We cannot suppose that every type has been preserved, but we see that
our bird-world was virtually created in the early part of the Tertiary
Era.
With these more or less familiar types were large ostrich-like survivors
of the older order. In the bed of the sea which covered the site of
London in the Eocene are found the remains of a toothed bird (Odontopteryx),
though the teeth are merely sharp outgrowths of the edge of the bill.
Another bird of the same period and region (Gastornis) stood about
ten feet high, and must have looked something like a wading ostrich.
Other large waders, even more ostrich-like in structure, lived in
North America; and in Patagonia the remains have been found of a massive
bird, about eight feet high, with a head larger than that of any living
animal except the elephant, rhinoceros, and hippopotamus (Chamberlin).
The absence of early Eocene remains prevents us from tracing the lines
of our vast and varied bird-kingdom to their Mesozoic beginnings.
And when we appeal to the zoologist to supply the missing links of
relationship, by a comparison of the structures of living birds, we
receive only uncertain and very general suggestions.* He tells us
that the ostrich-group (especially the emus and cassowaries) are one
of the most primitive stocks of the bird world, and that the ancient
Dinornis group and the recently extinct moas seem to be offshoots
of that stock. The remaining many thousand species of Carinate birds
(or flying birds with a keel [carina]-shaped breast-bone for the attachment
of the flying muscles) are then gathered into two great branches,
which are "traceable to a common stock" (Pycraft), and branch
in their turn along the later lines of development. One of these lines--the
pelicans, cormorants, etc.--seems to be a continuation of the Ichthyornis
type of the Cretaceous, with the Odontopteryx as an Eocene offshoot;
the divers, penguins, grebes, and petrels represent another ancient
stock, which may be related to the Hesperornis group of the Cretaceous.
Dr. Chalmers Mitchell thinks that the "screamers" of South
America are the nearest representatives of the common ancestor of
the keel-breasted birds. But even to give the broader divisions of
the 19,000 species of living birds would be of little interest to
the general reader.
* The best treatment of the subject will be found
in W. P. Pycraft's History of Birds, 1910.
The special problems of bird-evolution are as numerous and unsettled
as those of the insects. There is the same dispute as to "protective
colours" and "recognition marks", the same uncertainty
as to the origin of such instinctive practices as migration and nesting.

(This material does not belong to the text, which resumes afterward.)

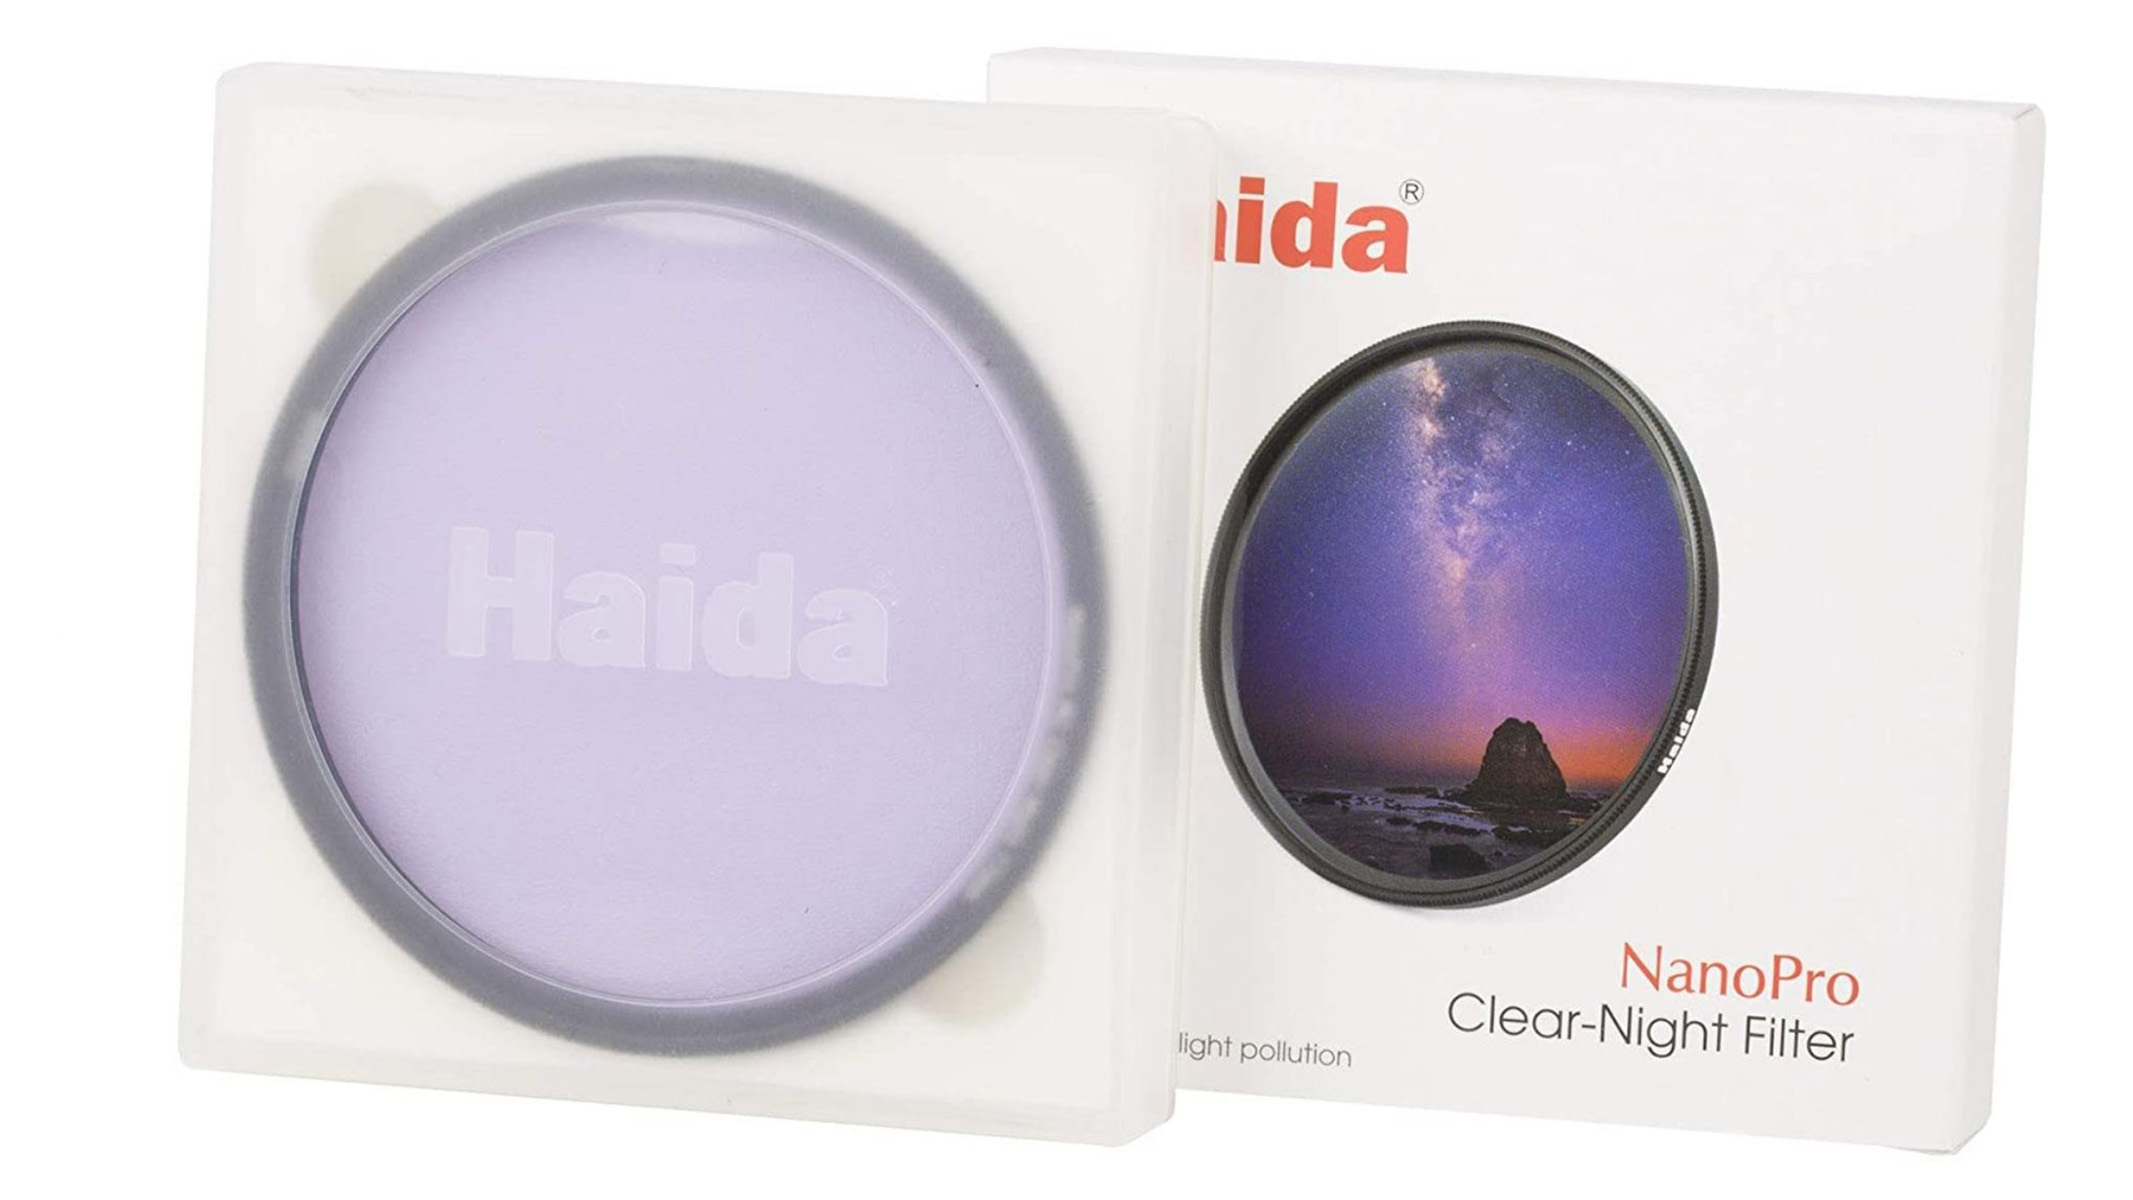 Haida NanoPro MC Clear-Night filters in their packaging on a white background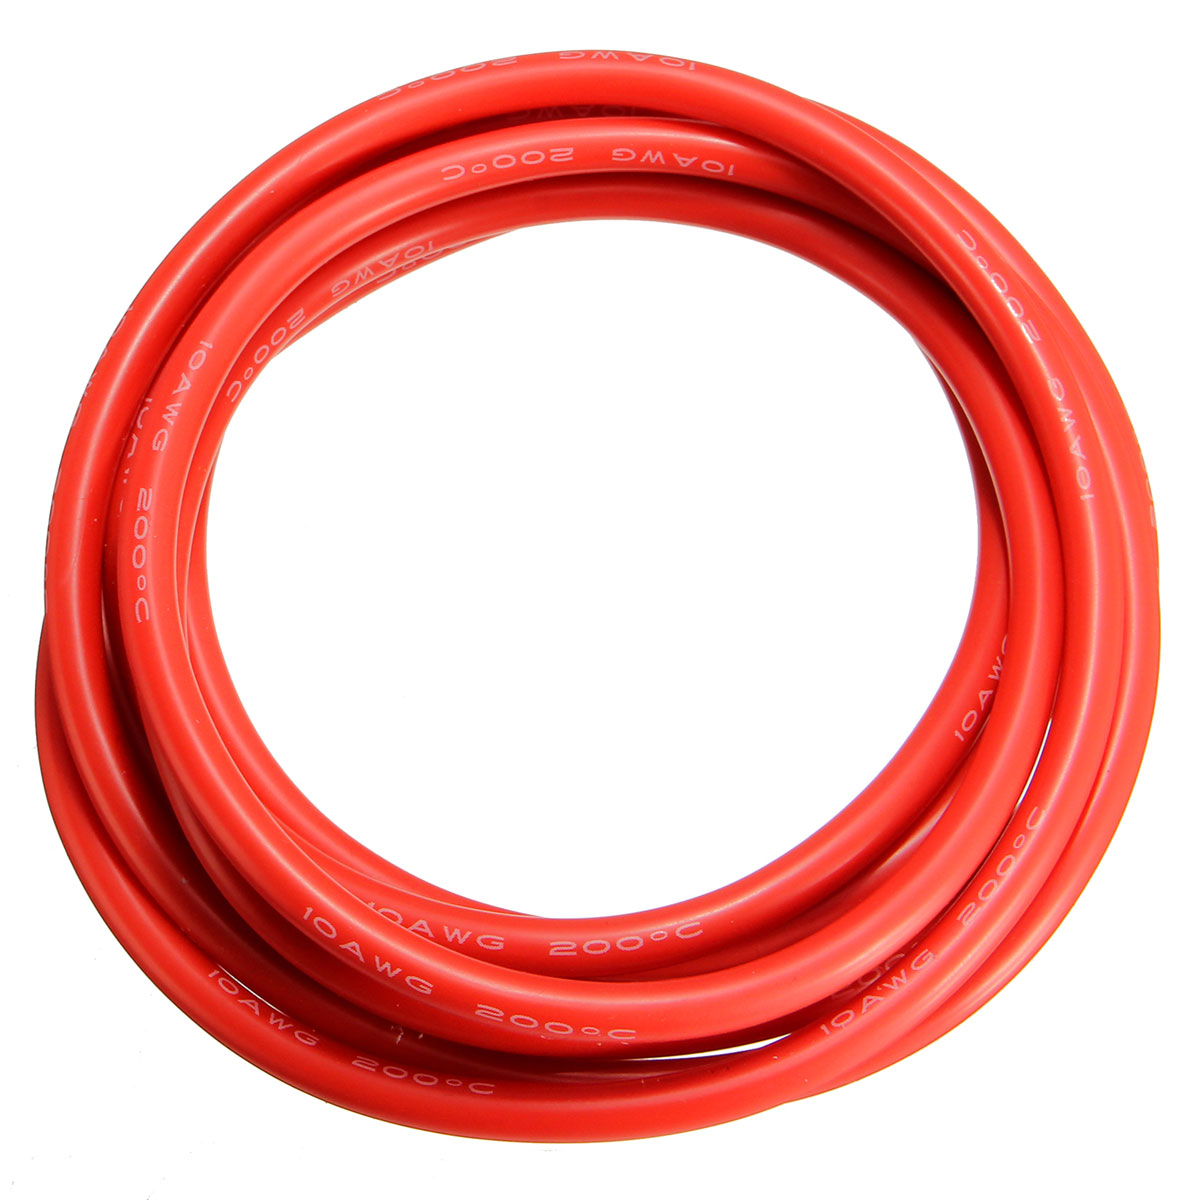 DANIU-2-Meter-Red-Silicone-Wire-Cable-10121416182022AWG-Flexible-Cable-1170284-6

The general feeling is that the annual migration had its origin in
the overcrowding of the regions in which birds could live all the
year round. They therefore pushed northward in the spring and remained
north until the winter impoverishment drove them south again. On this
view each group would be returning to its ancestral home, led by the
older birds, in the great migration flights. The curious paths they
follow are believed by some authorities to mark the original lines
of their spread, preserved from generation to generation through the
annual lead of the older birds. If we recollect the Ice-Age which
drove the vast majority of the birds south at the end of the Tertiary,
and imagine them later following the northward retreat of the ice,
from their narrowed and overcrowded southern territory, we may not
be far from the secret of the annual migration.
A more important controversy is conducted in regard to the gorgeous
plumage and other decorations and weapons of the male birds. Darwin,
as is known, advanced a theory of "sexual selection" to
explain these. The male peacock, to take a concrete instance, would
have developed its beautiful tail because, through tens of thousands
of generations, the female selected the more finely tailed male among
the various suitors. Dr. Wallace and other authorities always disputed
this aesthetic sentiment and choice on the part of the female. The
general opinion today is that Darwin's theory could not be sustained
in the range and precise sense he gave to it. Some kind of display
by the male in the breeding season would be an advantage, but to suppose
that the females of any species of birds or mammals had the definite
and uniform taste necessary for the creation of male characters by
sexual selection is more than difficult. They seem to be connected
in origin rather with the higher vitality of the male, but the lines
on which they were selected are not yet understood.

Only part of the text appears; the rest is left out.